The U.S. Food and Drug Administration (“FDA”) draws its authority from the Food Drug & Cosmetic Act (“FD&C Act”), whereas the Alcohol Tobacco Tax and Trade Bureau (“TTB”) is authorized under the Internal Revenue Code (“IRC”). Each of these laws has different definitions of “tobacco products” for different purposes. FDA’s Deeming Rule has no effect on TTB’s jurisdiction over tobacco products, and vice versa. While the FDA has deemed certain products to be “tobacco products” under the FD&C Act, some deemed products do not meet the definition of “tobacco products” under the IRC.
For example, the FDA has deemed e-cigarettes to be included in the definition of “tobacco products” under the FD&C Act. The FDA has extended its authority to all tobacco products except accessories of newly deemed tobacco products. Despite this, e-cigarettes are not within the jurisdiction of TTB. There is no federal excise tax (“FET”) imposed on e-cigarettes or e-liquids. As a result, there is no FDA user fee at this time for e-cigarettes or e-liquids.
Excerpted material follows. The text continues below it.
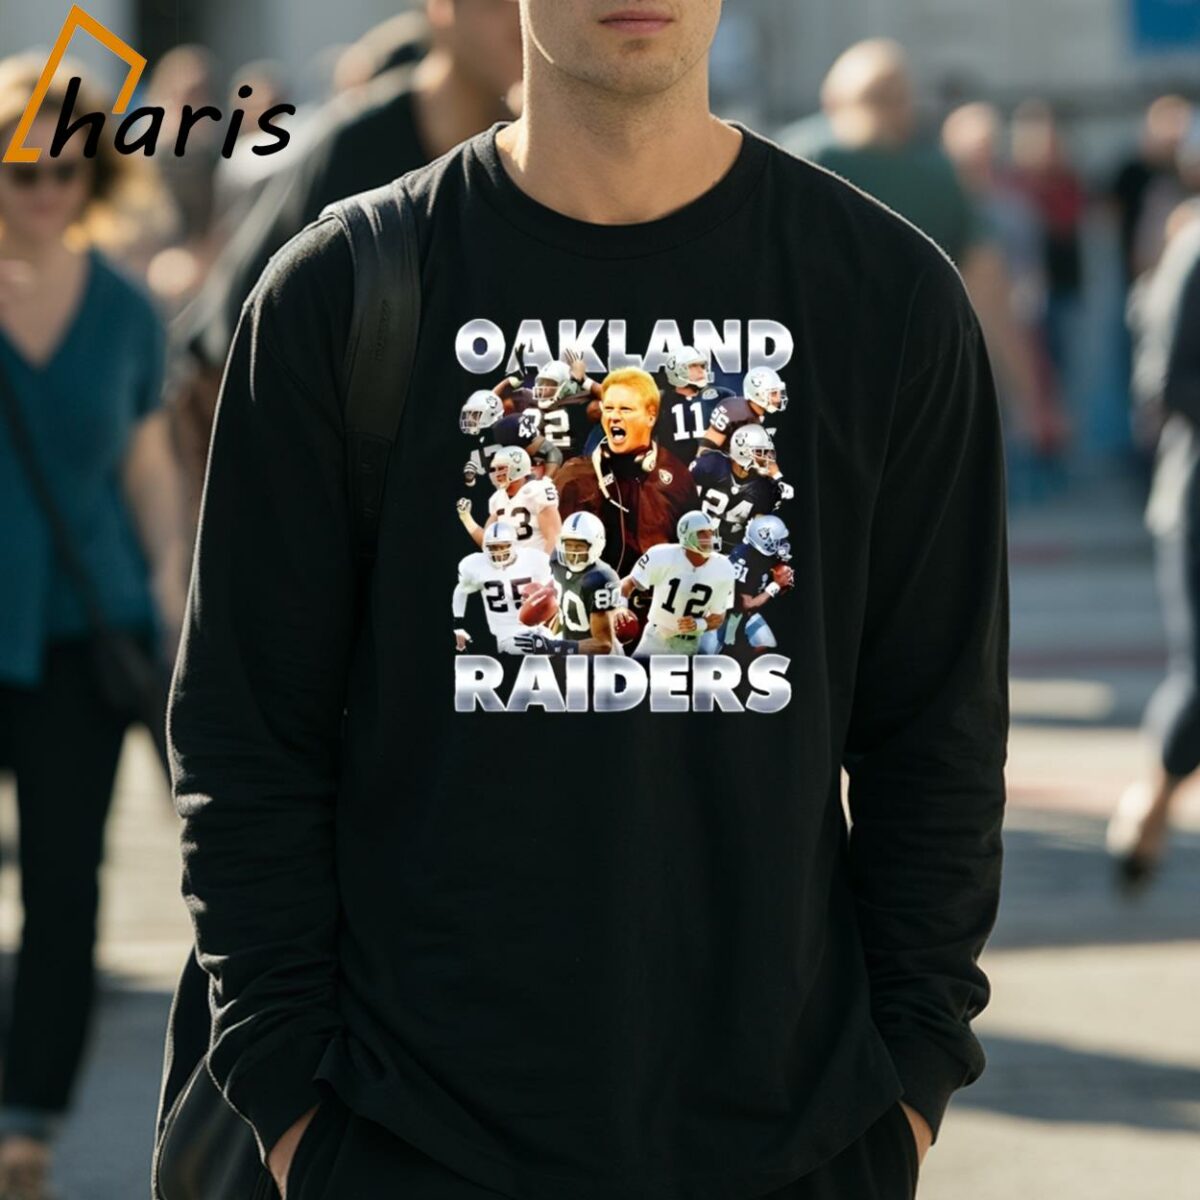 Las Vegas Raiders Football Team Oakland Raiders Graphic Shirt 3 Long Sleeve Shirt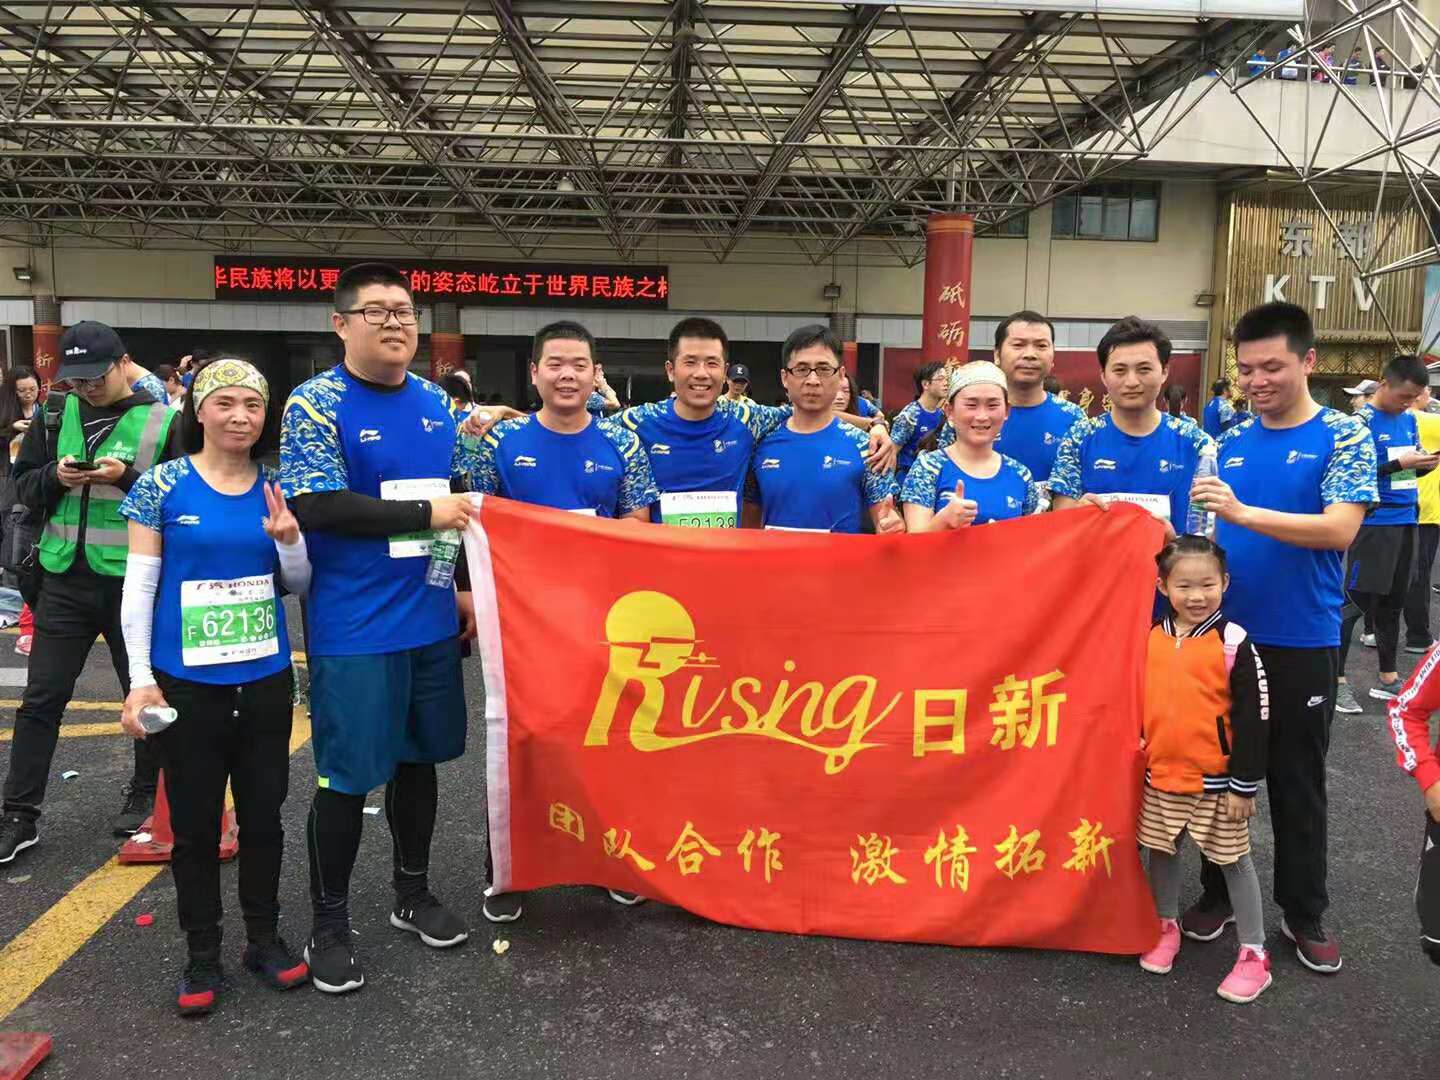 杭州日新小伙伴热力开跑2018杭州马拉松

FET payments are the current methodology for figuring the FDA user fees for tobacco products.
Beginning August 20, 2016, domestic manufacturers and importers of cigars and pipe tobacco must report data concerning volume and FET paid in the previous quarters for cigars and pipe tobacco, to enable FDA to calculate FDA user fees for these product lines.
For example, since there is no FET assessed for e-cigarettes, the FD&C Act provision extending user fees to cigars and pipe tobacco is not currently extended to e-cigarettes.